> **TASK PROMPT**: Copy the data exactly from the line that contains "Digital Art Artwork" through the line that contains "A sulfur dioxide", keeping both end lines and leaving out everything else.

********************

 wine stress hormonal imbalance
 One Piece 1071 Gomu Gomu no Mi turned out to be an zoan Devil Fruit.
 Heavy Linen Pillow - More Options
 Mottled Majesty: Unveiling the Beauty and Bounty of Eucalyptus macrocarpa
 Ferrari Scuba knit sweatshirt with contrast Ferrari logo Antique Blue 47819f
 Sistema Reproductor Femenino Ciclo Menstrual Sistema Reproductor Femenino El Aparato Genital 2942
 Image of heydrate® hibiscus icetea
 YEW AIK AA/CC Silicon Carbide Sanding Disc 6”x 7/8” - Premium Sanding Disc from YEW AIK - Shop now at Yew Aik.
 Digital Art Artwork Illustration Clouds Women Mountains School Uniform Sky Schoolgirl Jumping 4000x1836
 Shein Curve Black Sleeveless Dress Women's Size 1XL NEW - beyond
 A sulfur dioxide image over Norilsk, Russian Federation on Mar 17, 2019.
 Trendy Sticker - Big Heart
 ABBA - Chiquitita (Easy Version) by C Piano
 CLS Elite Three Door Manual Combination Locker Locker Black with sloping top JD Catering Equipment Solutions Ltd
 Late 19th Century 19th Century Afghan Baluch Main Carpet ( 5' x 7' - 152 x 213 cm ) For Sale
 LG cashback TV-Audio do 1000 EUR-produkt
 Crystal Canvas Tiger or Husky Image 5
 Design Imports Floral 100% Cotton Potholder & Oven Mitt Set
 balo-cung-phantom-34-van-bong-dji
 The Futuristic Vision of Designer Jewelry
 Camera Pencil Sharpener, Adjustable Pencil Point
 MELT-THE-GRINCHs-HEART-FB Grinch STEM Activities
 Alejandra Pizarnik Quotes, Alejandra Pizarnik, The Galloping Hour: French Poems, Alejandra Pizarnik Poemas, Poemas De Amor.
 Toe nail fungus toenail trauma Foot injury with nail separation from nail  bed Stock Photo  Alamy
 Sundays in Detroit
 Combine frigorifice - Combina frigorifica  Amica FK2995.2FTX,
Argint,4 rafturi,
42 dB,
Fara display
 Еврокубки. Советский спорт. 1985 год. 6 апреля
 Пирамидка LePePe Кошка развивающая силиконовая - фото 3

********************

> **ANSWER BOX**:
 Digital Art Artwork Illustration Clouds Women Mountains School Uniform Sky Schoolgirl Jumping 4000x1836
 Shein Curve Black Sleeveless Dress Women's Size 1XL NEW - beyond
 A sulfur dioxide image over Norilsk, Russian Federation on Mar 17, 2019.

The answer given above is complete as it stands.